User reads data from a csv, it contains local date-time for which they know they should be interpreted in Brazil/East time zone. User has outdated time zone database installed (an 3y old java8 installation for example). Since Brazil stopped with daylight savings time in November 2019, mapping a local date to a zone offset will be incorrect on the users computer. It will compute 2020-02-02 10:00:00 to 2020-02-02T12:00-02:00. On this computer all will go well but running the same script on a different computer (with updated java version) will translate it to 2020-02-02T13:00:00-03:00. Now you could argue that locally this isn’t much of a problem, but as soon as you start exporting this data (and importing it somewhere else) problems start to emerge. If you would encode3 dates as 2020-02-02T10:00[Brazil/East], no information is lost, and you can always (with the local best available knowledge) translate this to different time zones or do date math on it.

Analysis

  1. Com.ibm.icu has bugs that Java time does not have;

  2. And Java time is more “standard”

  3. ICU is quite a big dependency, since it carries a copy of all zone information.

  4. So it makes sense to move to Java time, as both a preventive and corrective maintenance task

  5. If one gets this datetime information in, say, a CSV file: $2020-01-01T10:00$ the information is incomplete

    1. We don’t know which absolute point in time this is, because a timezone is lacking
    2. Also it is imprecise, because the milliseconds offset is missing
  6. Currently Rascal does not support such incomplete datetime information.
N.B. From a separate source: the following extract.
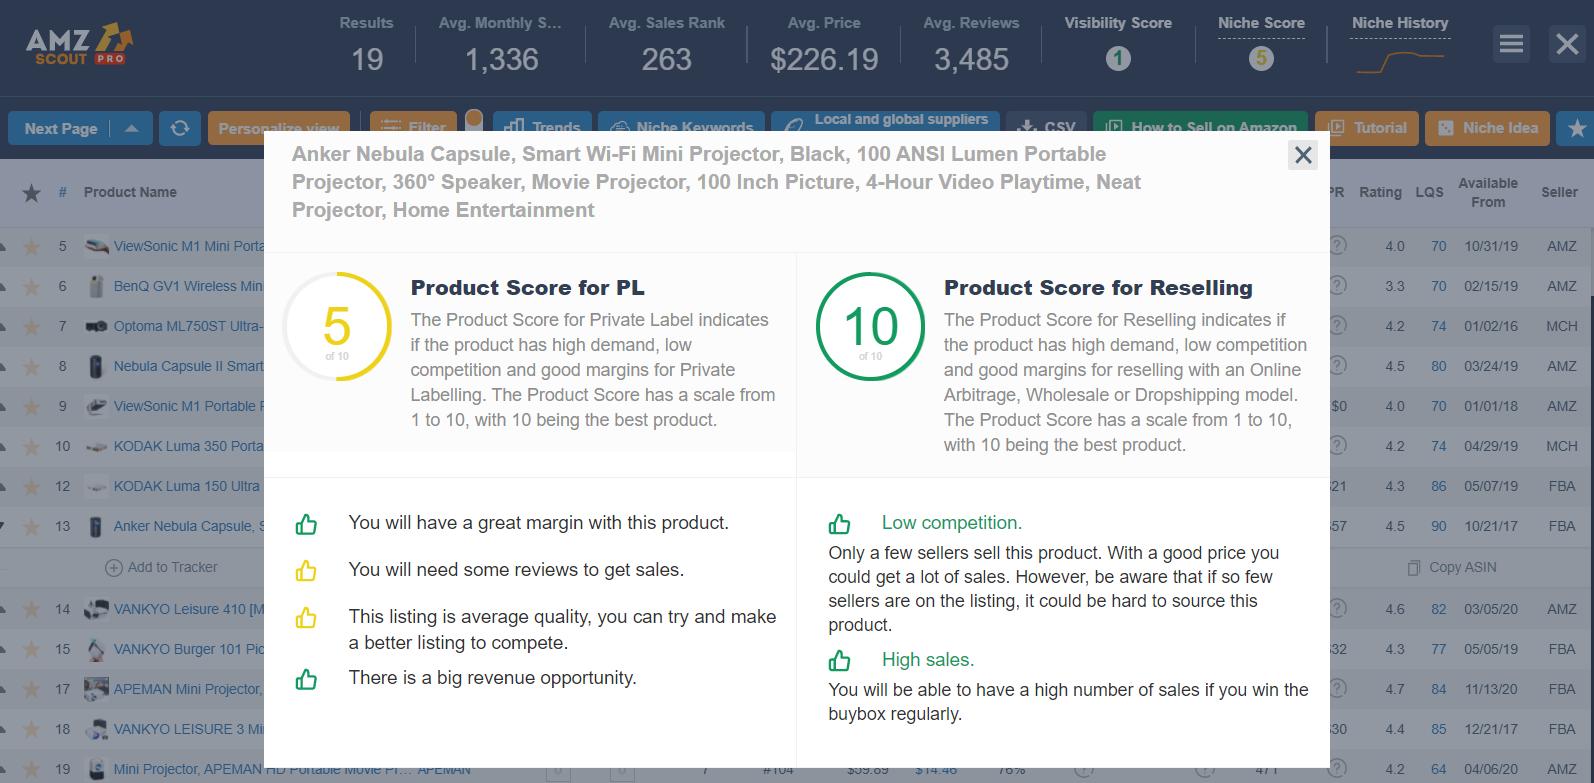 amz-scout-product-score
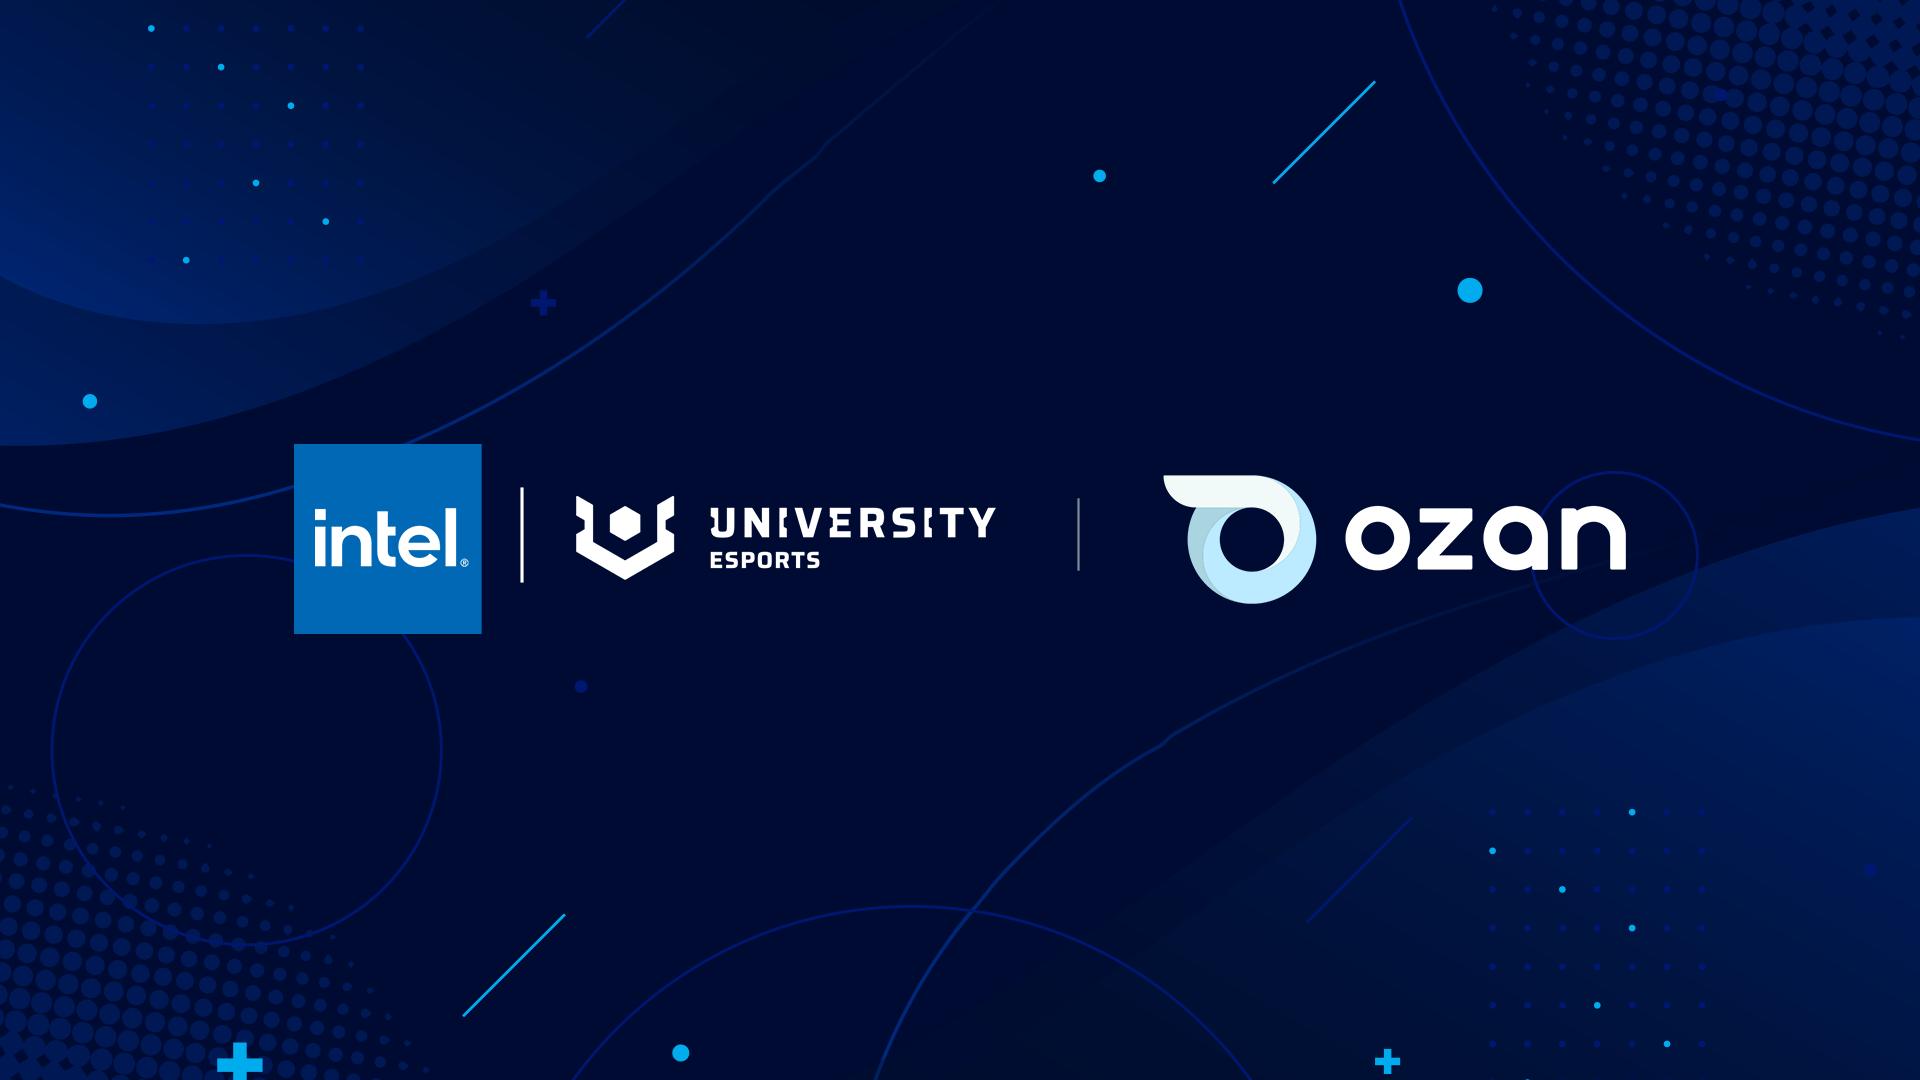 ozan-superapp-intel-university-esports-turkiyenin-100-000-tllik-odul-sponsoru-oldu (1)

We produce a parse error

  7. We do want to be able to represent incomplete information about datetime

  8. We do not want to heuristically fill in the missing data without the programmer’s intervention

    1. Downstream metrics (say time measurements) may become inaccurate (noisy) or even imprecise (off) if arbitrary offsets are introduced.
    2. Rascal/vallang is wysiwyg and filling in the missing offsets would not honor that design element
  9. Much of the Java time library needs complete information to even work correctly.

  10. There is now a question of

    1. How to represent incomplete datetime data
    2. How to fill in the missing offsets
    3. When to fill in the missing offsets

Complexity (why UTC or zone offsets are not enough)

Date time is complex, please read the blog by Jon Skeet (StackOverflow fame & author of nodatime, a .net version of jodatime) why storing UTC is not the solution for future dates: https://codeblog.jonskeet.uk/2019/03/27/storing-utc-is-not-a-silver-bullet/.

Rough summary: for datetimes in the past, it’s okay to convert them to UTC and store them that way, but for dates in the future, dates should be stored with the time zone code and the local date\&time for that zone. Note, not the zone offset, nor the utc, but the time zone code (like “Europe/Amsterdam”) since for example countries sometimes decide to move the day-light savings time a week earlier or later, so then the mapping to UTC changes.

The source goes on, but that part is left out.